Your son got injured because it was his mistake that he tried to separate them with his bare hands, he should use dustpan or broom or something but never do it with bare hands. You can check if they have any wounds on them it is very possible as you said you heard one screaming. Don't leave them together for night, they can kill or seriously damage each other.


----------



## Jas (Apr 16, 2020)

ok. But thats all, they spent the night together. they played in the morning together, then they were in the cage whole day. 6PM onwards they are out and playing. No such fight as of now. Will check if I can make out their sexes. Will ask my Son to use something to separate them in case they are fighting. According to me they may just be playing with some nibbles. Although I did observe some fur in one of the mouths. Thanks for your comments. Let us wait for other members experience.


zuppa said:


> Hi. Did you check their sexes already? From what you described they could be both boys and what you witnessed will continue and will escalate into a serious fight so it would be best to separate them right now, you can neuter them when your vet will be available and wait 2 months after that so hormones calm down, then you can try bonding them so they can stay together again, but no guarantee they will bond especially if they had a major fight and will remember that.
> 
> You can't keep two males together because they can kill each other. With some exceptions some rabbits can be very calm and friendly, but most of boys would fight for dominance when mature.
> 
> Your son got injured because it was his mistake that he tried to separate them with his bare hands, he should use dustpan or broom or something but never do it with bare hands. You can check if they have any wounds on them it is very possible as you said you heard one screaming. Don't leave them together for night, they can kill or seriously damage each other.


----------



## Mariam+Theo (Apr 16, 2020)

I completely agree with @zuppa! Rabbits will most likely fight no matter what gender they are. You need to separate them and check their genders. If you have one male and one female, the female might be pregnant already. Rabbits do not "play-fight" like cats. If there is fighting at all, that means you have a problem. You need to house them separately until you can get them spayed and neutered. After that, you will need to properly bond them so they can be housed together. Bonding Bunnies.


----------



## Jas (Apr 16, 2020)

Thanks Mariam But my Rabbits are bonded together. It is just one evening instance when they were playing together and suddenly something went wrong between them. I am keeping a watch on them now.


Mariam+Theo said:


> I completely agree with @zuppa! Rabbits will most likely fight no matter what gender they are. You need to separate them and check their genders. If you have one male and one female, the female might be pregnant already. Rabbits do not "play-fight" like cats. If there is fighting at all, that means you have a problem. You need to house them separately until you can get them spayed and neutered. After that, you will need to properly bond them so they can be housed together. Bonding Bunnies.


----------



## zuppa (Apr 16, 2020)

Jas said:


> Thanks Mariam But my Rabbits are bonded together. It is just one evening instance when they were playing together and suddenly something went wrong between them. I am keeping a watch on them now.
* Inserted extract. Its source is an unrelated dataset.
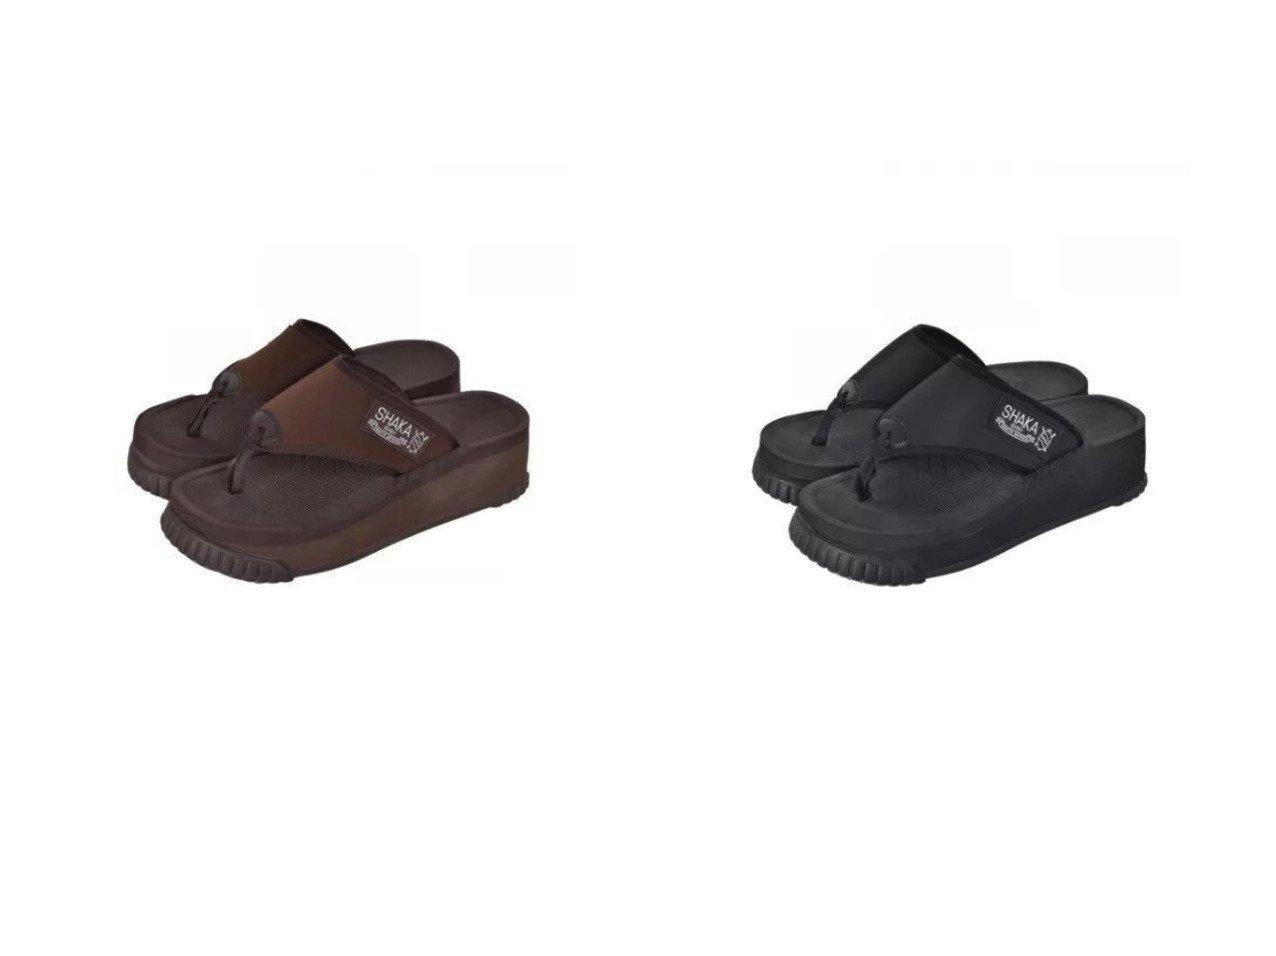 【G.V.G.V./ジーヴィージーヴィ】の【SHAKA G.V.G.V.】STINGRAY PLATFORM 【シューズ・靴】おすすめ!人気、トレンド・レディースファッションの通販 おすすめで人気の流行・トレンド、ファッションの通販商品 インテリア・家具・メンズファッション・キッズファッション・レディースファッション・服の通販 founy(ファニー) https://founy.com/ ファッション Fashion レディースファッション WOMEN 厚底 クッション サンダル シューズ スペシャル 2021年 2021 S/S・春夏 SS・Spring/Summer 2021春夏・S/S SS/Spring/Summer/2021 |ID:crp329100000047560

Don't want to disappoint you but your rabbits weren't bonded, they were still babies from same litter and babies always are getting along until they become 'teenagers', depending on breed and personal development somewhere between 10 weeks and 16 weeks. They become sexually active then and usually boys starting showing signs first, they need to sort out who's the top bun here and they will fight for dominance.

I know it is hard to believe and of course you can wait for more opinions but unfortunately your rabbits will only grow one way and they will never be babies again, if they had fight already that was sign for you that they need to be separated, another fight can start suddenly and even if you are there it can take seconds and you won't be able to change it back.


----------



## Mariam+Theo (Apr 16, 2020)

Jas said:


> Thanks Mariam But my Rabbits are bonded together. It is just one evening instance when they were playing together and suddenly something went wrong between them. I am keeping a watch on them now.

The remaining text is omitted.